I am a firm believer that if you do what you love, that money will follow.

I have no concern of taxes. I make good money on interest alone, so I do not have to worry about turning a profit, I can just focus on doing what makes me happy.

If there is a way to beat Edward H. Stahl's record of being the only person to make a million dollars from rabbits, I have no doubt that I will find it.


----------



## Bluebonnet (Mar 4, 2014)

Bunnylady said:


> Is this gold seal  something that one particular breeder does? Because each breeder writes their own pedigrees, there are no seals affixed to pedigrees by any official group. The only official records kept are on the things that happen at shows (assuming that the show secretary gets their report in) and registrations. Until a particular rabbit is registered at its adult size (usually 6-8 months of age), the ARBA has no record of it.
> 
> ARBA sanctioned shows are hosted by chartered clubs that are recognized by the ARBA, or else by something like a county or state fair. They take a lot of dedication and hard work on the part of the club members to pull off. Getting people to come to a show and spend the money on gas and entry fees is getting harder to do; these days, most groups are hosting double or triple shows to make them more attractive. That means, among other things,  getting several judges to come, and having a large enough facility to accommodate so many breeders, their rabbits, and their vehicles. A lot of the clubs I know hold their shows together, with each club being responsible for one show, at a common facility (like a fair ground or livestock arena). You really are ambitious if you are thinking of hosting your own show!


 
I have read where some breeders refer to this seal. They probably mean it is the red, white and blue seals from ABRA to prove the lineage and that the rabbit in question has also become a Grand Champion.

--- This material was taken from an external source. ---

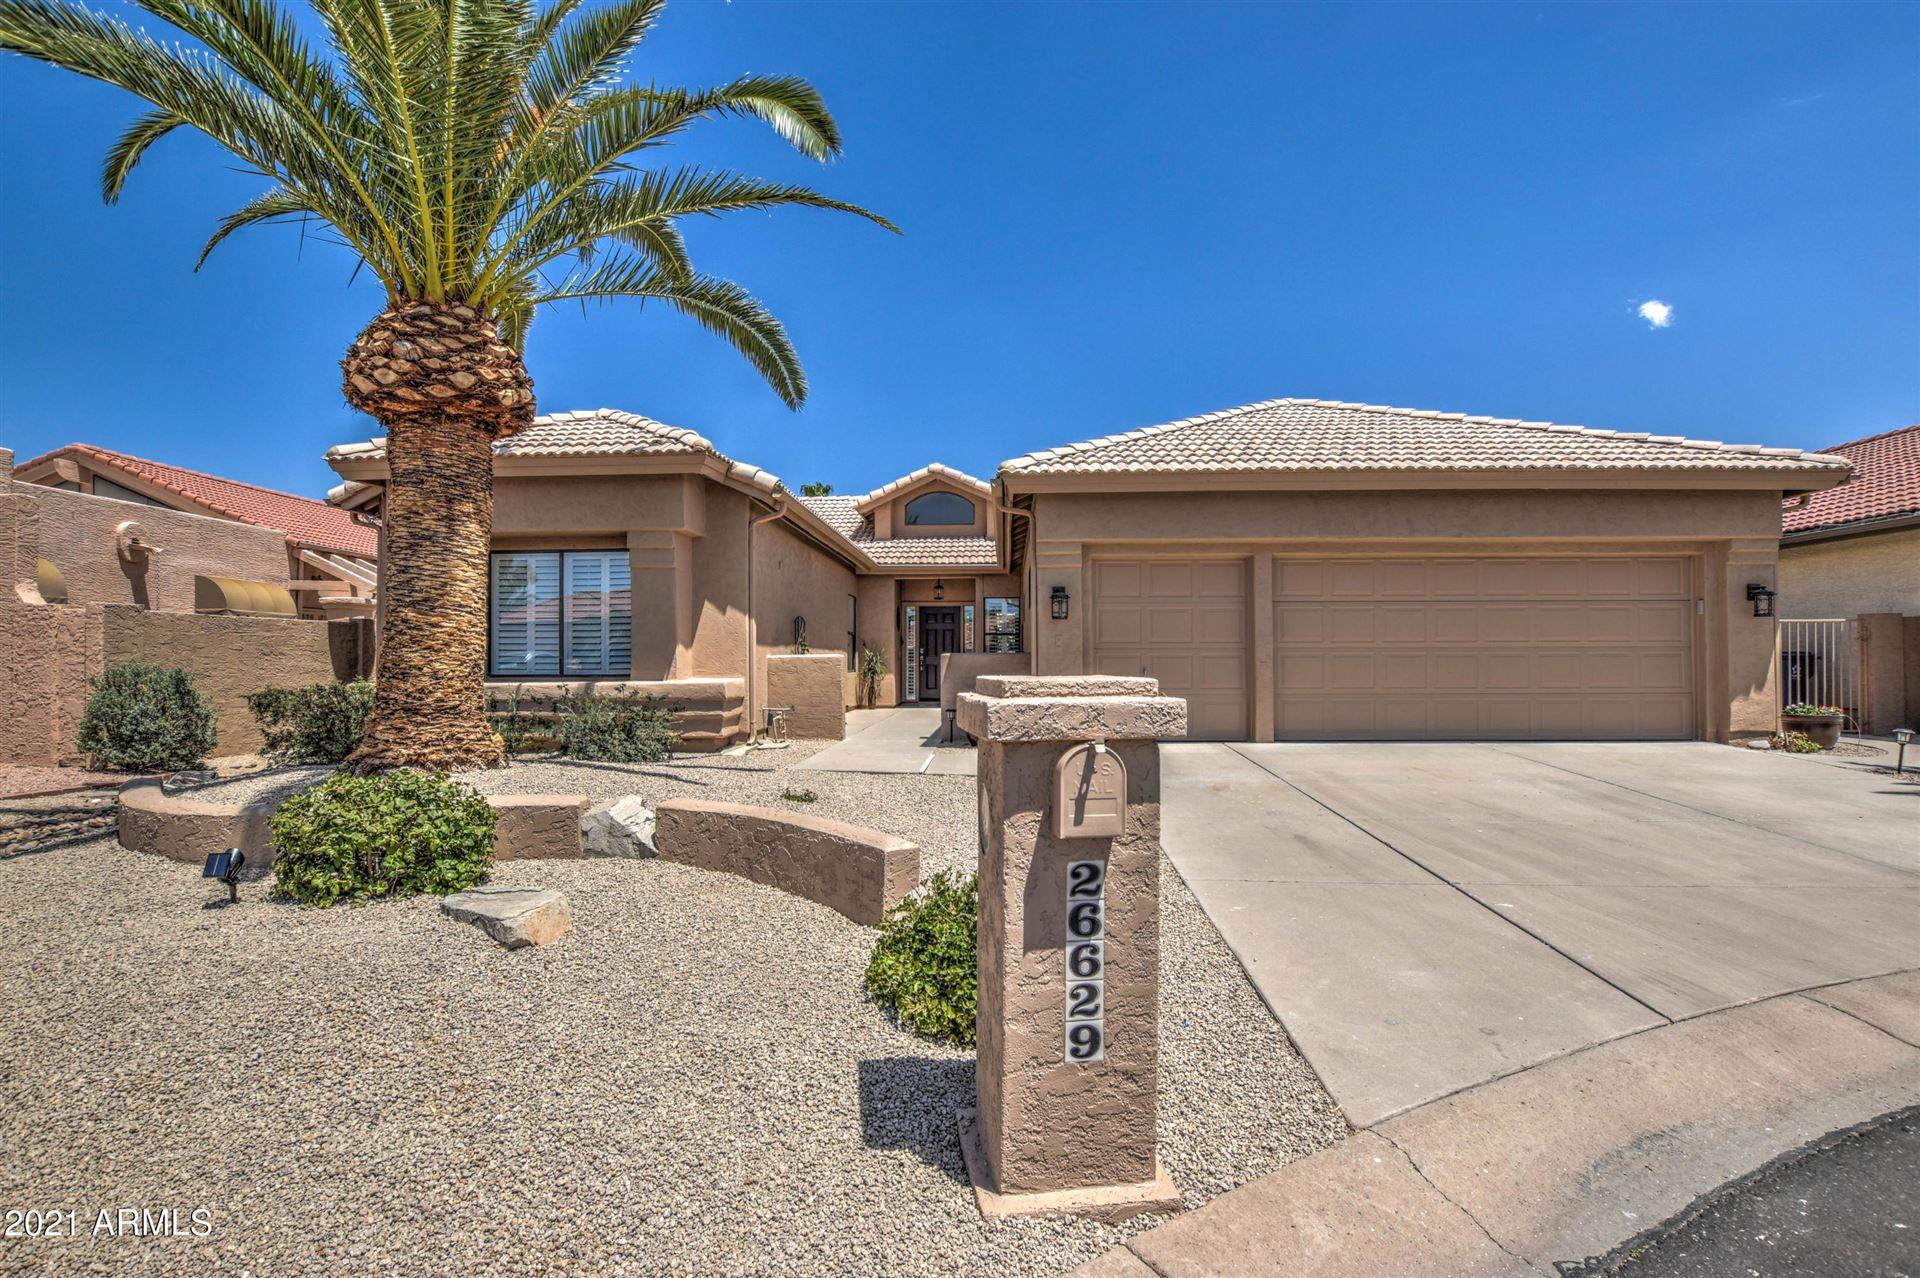 Photo of 26629 S QUEEN PALM Court, Sun Lakes, AZ 85248 (MLS # 6229748)

I know that ARBA sanctions shows and how to apply for all of that. I'm looking into getting the training to be an ABRA judge myself, so I can learn to tell which of my rabbits are the best, so I can enter them into shows. I will pay for the costs to make it happen myself if I have to, even if that means that in order to prevent a conflict of interest that I can not enter my own rabbits in the show. Besides, it is a good way to establish a positive reputation in the community by hosting others and getting together for a good time.

I believe that if you are not genuinely enjoying what you do, you should not be doing it. Where there is happiness there is passion and when there is passion there is not only money, but new heights of greatness to be achieved.

I am quite ambitious. It is my plan to install a fair style facility on my property, in addition to many other things like a farmer's market and a Confederate recreation. It is no small undertaking and not only the facilities, but the legal aspects are all very specific requirements, not to mention that these facilities must be located well away from my animals, for biosecurity purposes.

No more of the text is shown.